Inaction plan

More needs to be done to raise the priority of the prevention and early detection of oral cancer

17 December, 2018 / editorial
 Sarah Allen  

The Oral Health Improvement Plan. When this was launched at the beginning of the year, it raised some questions, and some eyebrows. Though the dental profession in Scotland cautiously welcomed the plan’s overarching aims, there was significant concern about some core elements. Areas of controversy included the lack of any costings for the plan or any information about how it was to be funded; the focus on long-term prevention without any real short to medium-term solutions; and the one element that really grabbed the headlines – 24-month recall.

Fast forward to a couple of weeks ago, and I’m in a meeting room in Holyrood with dental professionals, politicians and survivors of oral cancer. We’ve been brought together by the BDA Scotland, for the launch of their Oral Cancer Action Plan. Incidences of oral cancer are increasing, and at a faster rate than any other cancer, now killing more than three times as many people in Scotland as car accidents. The three main causes of oral cancer are alcohol, HPV infections and tobacco, and data cited by the BDA shows that 90 per cent of cases could be prevented.

The same figures suggest that survival could be improved from 50 per cent to 90 per cent with early detection. Which leads to one question – does the OHIP support the prevention and early detection of oral cancer? The short answer seems to be, no. Oral cancer is mentioned only once in the entire plan, action 17, which states that the Scottish Government will ensure that the [oral cancer] clinical pathway across Scotland is safe, consistent, clear, and effective. Good. There is no doubt that the current pathway is complex, and with current figures suggesting that 40 per cent of new oral cancer cases present through GPs rather than GDPs, there is clearly a need for all primary and secondary healthcare services to have a clear, joined-up approach. However, this on its own will simply not be enough. Worse than falling short, though, is the issue that the OHIP may actually work against early detection. Yes, we’re back to that pesky 24-month recall.

BDA figures show that 97 per cent of Scottish dentists believe longer recall intervals would pose a risk for oral cancer detection. Dentistry is unique among healthcare services in that it provides a regular touchpoint for patients. The value of this for early detection cannot be underestimated. What happens when this touch point is removed? Remember those 40 per cent presenting through GPs? It would be interesting to research how much that figure might increase and, ultimately, how many cases would just not be caught because the patient didn’t think anything was wrong so didn’t go to their GP, let alone their GDP.

Surely though, patients can be educated to take on some responsibility for early detection, can’t they? In its action plan, the BDA talks about raising awareness of the early signs of suspected oral cancer. The Scottish Government certainly seems to have latched on to this. At the event, in his response to the BDA’s concerns about 24-month recall, Joe Fitzpatrick, Minister for Public Health, Sport and Wellbeing, said that the government was keen to encourage people to self-examine and learn how to spot symptoms of oral cancer. Can’t argue with that. Self-examination has certainly improved breast cancer figures. Except oral cancer is not breast cancer. Let’s make no bones about it, oral cancer diagnosis is not easy. Indeed, it is nigh on impossible, even for those who see cases every day and, in their examinations, have access to every part of a patient’s oral soft tissue, access that an individual could never achieve at home.

At the lectures on oral cancer recognition and referral at our last Scottish Dental Show, clinical slides of various oral cancer signs were shown.

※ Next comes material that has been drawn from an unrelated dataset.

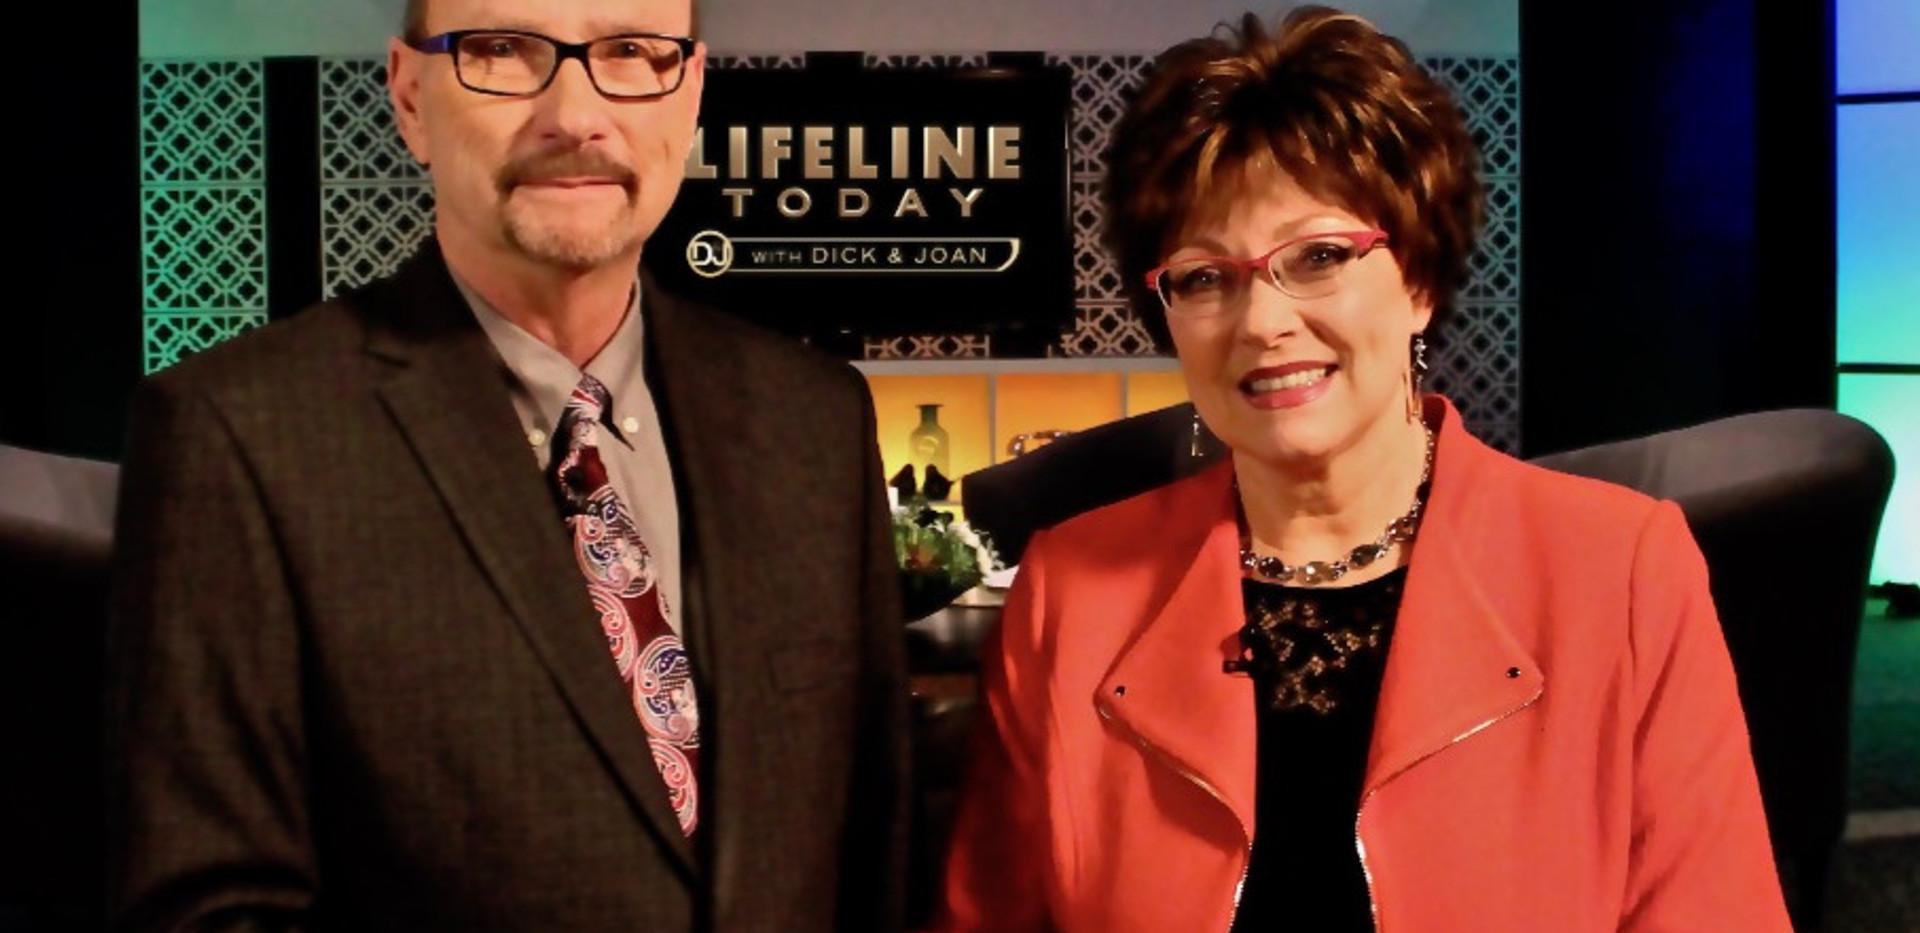 LIFELINE TODAY | Season 6, Episode 187

The lecturer asked the audience to say which they would refer as high risk. I think it is fair to say that the audience found it very difficult. Slides which everyone agreed could only be malignant proved to be benign, and slides which showed cases that looked innocuous were quite the opposite. The advice from the lecturer? If in doubt, refer. Good advice. What’s the advice to the public though? If you see anything suspicious get it checked out. But checked out by whom. The public is conditioned to go to their GPs with concerns about cancers, not their dentist, the actual expert in oral health. That 40 per cent presenting through GPs is climbing again.

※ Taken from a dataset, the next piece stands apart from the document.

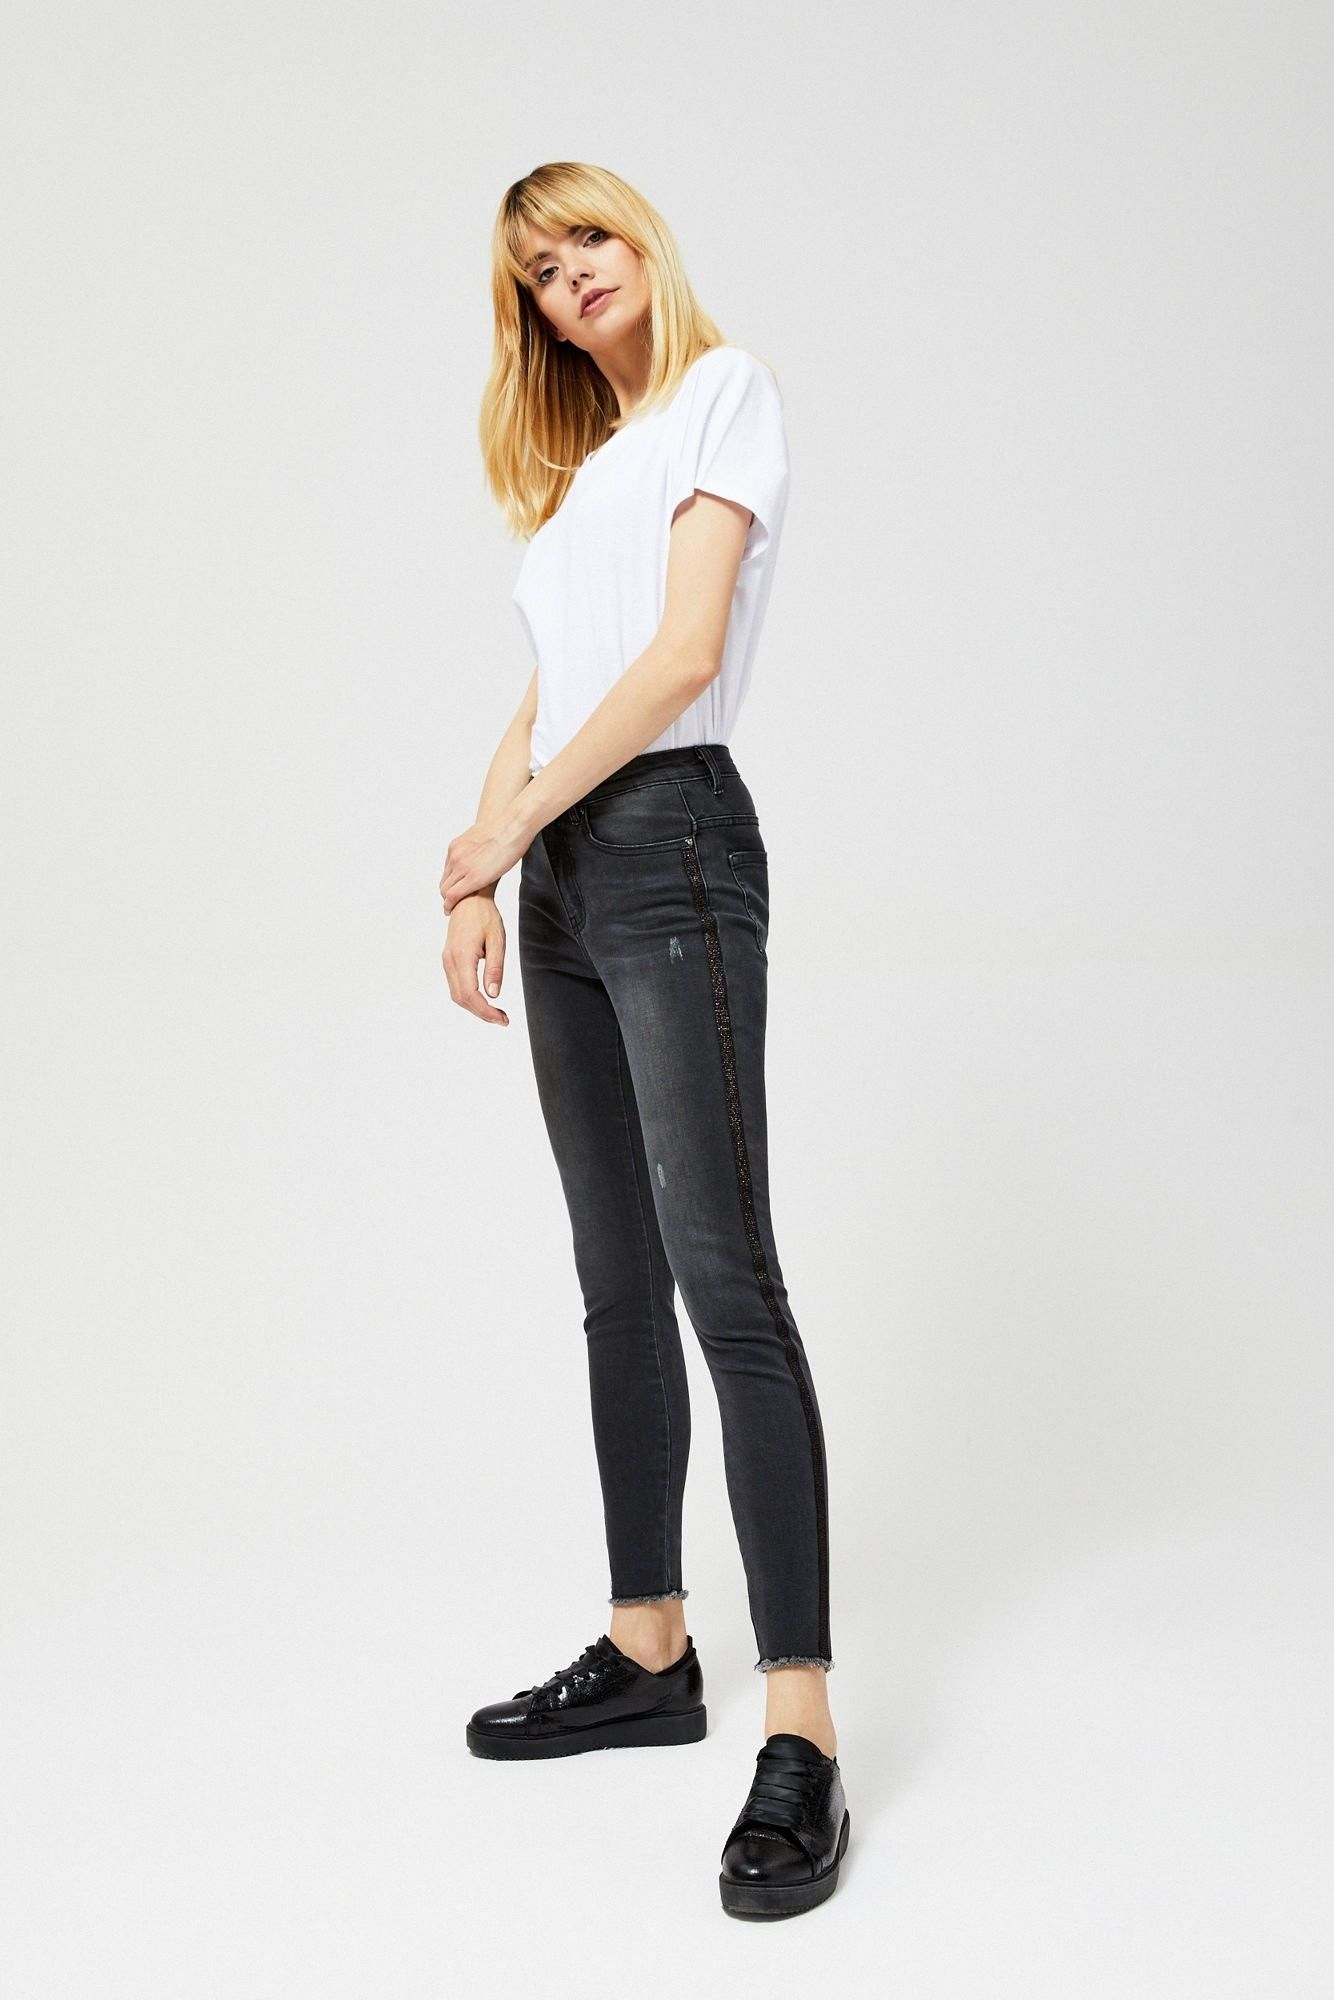 Jeansy typu high waist z lampasami

Which leaves us with prevention. This is something where the public really can have an impact. Stopping smoking, eating more healthily, cutting down on alcohol, all things individuals can do themselves. Except, it’s not as simple as that. Achieving this requires not just a significant public engagement and education campaign, a few posters and leaflets won’t cut it I’m afraid, but a public health and private sector infrastructure that supports individuals to live healthier lifestyles. Minimum alcohol pricing certainly might help: the cuts to alcohol treatment and smoking cessation services won’t. And this is all before we get onto the issue of the disparity of cost between ‘healthy’ and ‘unhealthy’ food. Best not to get me started on that one.

The final mention should probably go to one significant cornerstone of oral cancer prevention – HPV vaccines. It is wonderful that the HPV vaccine is going to be administered to boys. It will really make a difference to the 29,000 12-year-old boys across Scotland destined to receive the first wave of vaccinations. It will be even more wonderful when there’s a date for it.

And just imagine how wonderful it would be if the Scottish Government agreed to a catch-up programme of vaccinations for the 140,000 older boys still at school.